Lauren was always anxious for news of progress when she got in from school, whilst Mac enjoyed hearing the kids charging up the stairs to the apartment after spending the day on his own. It was now Friday, nine days after they’d planted the bugs.

‘You want cocoa?’ Mac yelled, as Lauren dumped her backpack and hooked up her blazer in the hallway before wandering through to the kitchen. ‘Cruelty-free organic milk, as per Madam’s instructions.’

‘Sounds lovely,’ Lauren said, as she grabbed her hot mug and let the steam rise up to her face. ‘It’s a right miserable day out there.’

With time on his hands, Mac took good care of the two young agents. There was always cooked breakfast and packed lunches prepared before they got out of bed, hot drinks and a snack when they came home from school and a good dinner after homework. Mac’s cooking was decent, but didn’t extend beyond roasts, fish and chips and other traditional British fare, so they’d also been out for a curry and visited an excellent Italian restaurant in the parade of shops directly below their apartment.

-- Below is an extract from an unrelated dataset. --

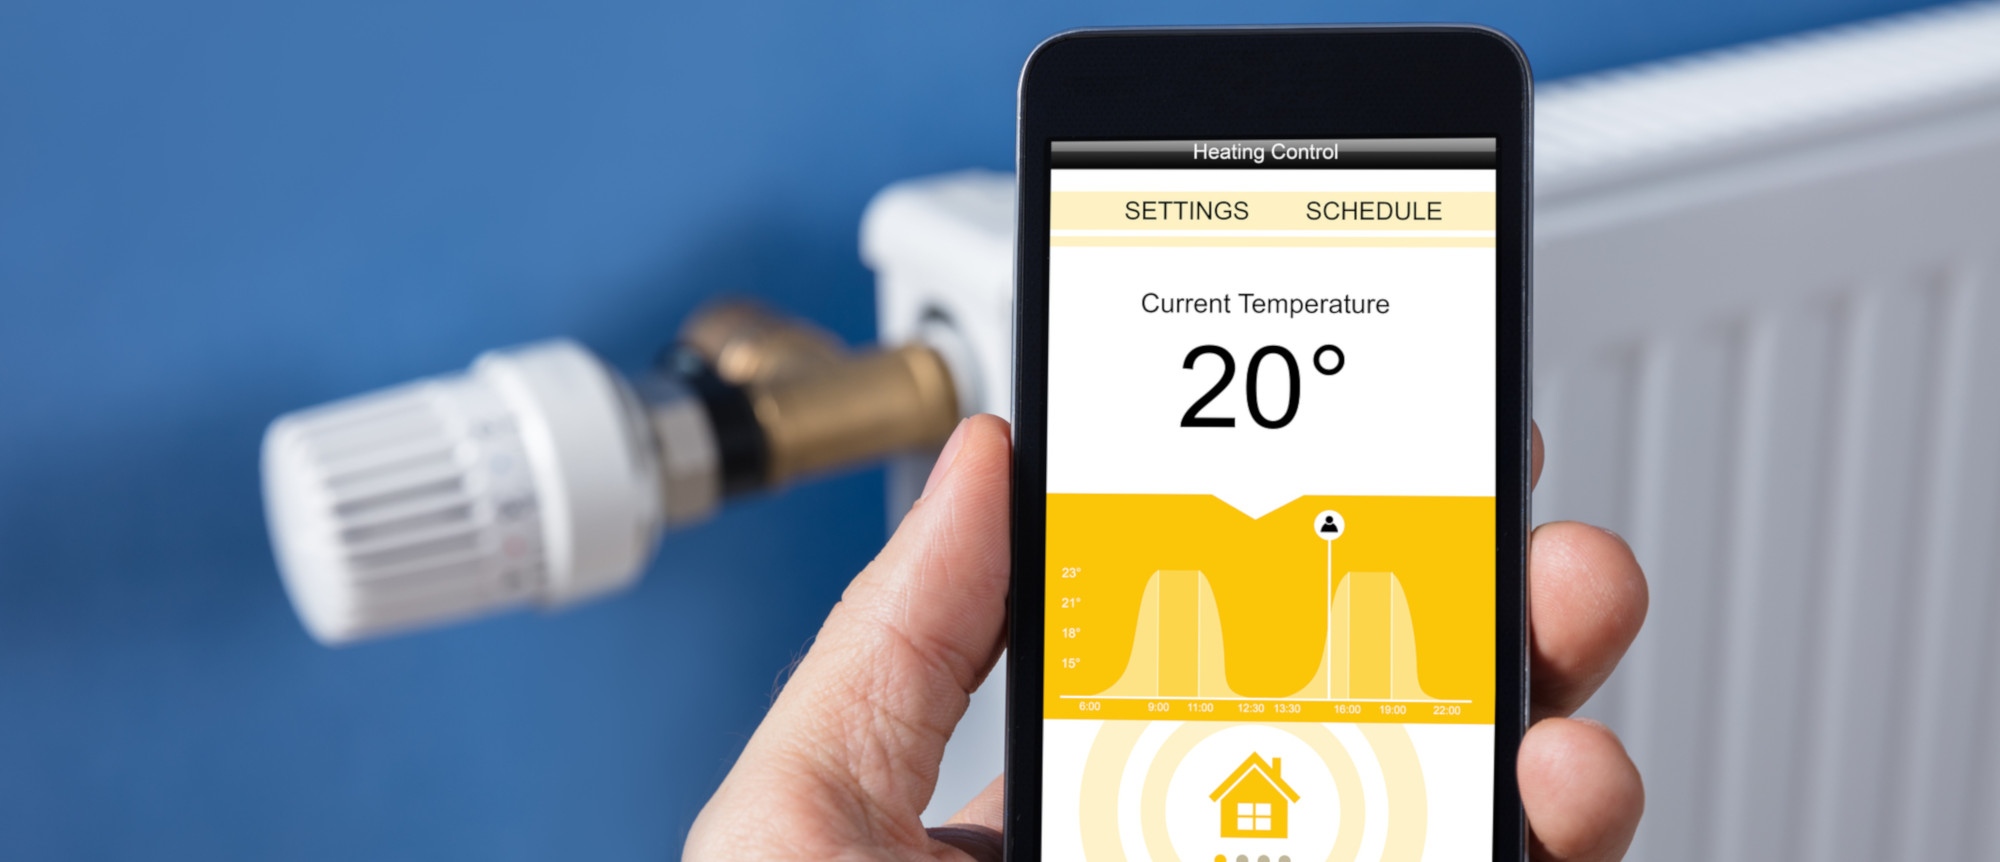 Smart Home: Mit dem Smartphone kann das Heizungsthermostat von überall aus gesteuert werden.

‘Where’s the little guy?’ Mac asked, as he sat at the opposite end of the small dining table, facing Lauren. ‘I made some for him too.’

‘Playstation at Fahim’s house. They’re getting on really well – I almost feel unnecessary.’

‘That was always likely to be the case,’ Mac said. ‘But Jake needed your help at the start and I’d rather your experience was still on hand. We’ll need you again if anything interesting crops up now.’

‘Any news from MI5 surveillance today?’

‘Nothing,’ Mac sighed. ‘If Hassam and Asif are part of a terrorist organisation they’re hiding it remarkably well.’

‘If they’re cautious they might stick to speaking in code.’

Mac rocked his head from side to side. ‘That’s possible, but you’d think it unlikely when you’re talking about conversations between two brothers in their own offices.’

‘Maybe Hassam is involved but not Asif,’ Lauren suggested.

‘I was wondering that myself,’ Mac nodded. ‘But to be honest I’m starting to think we’re flogging a dead horse.’

‘But Fahim seems pretty certain about what his parents said,’ Lauren noted. ‘And there’s no denying that his mum vanished off the face of the earth in very dodgy circumstances.’

‘Perhaps Fahim misunderstood,’ Mac said. ‘He seems very bright, but MI5 have three operatives on twenty-four-hour surveillance duty. They’ve picked up every phone call, listened to every conversation and read every e-mail. Hassam’s DNA and picture have been checked against all known terrorist databases and he comes up clean, as does his entire immediate family.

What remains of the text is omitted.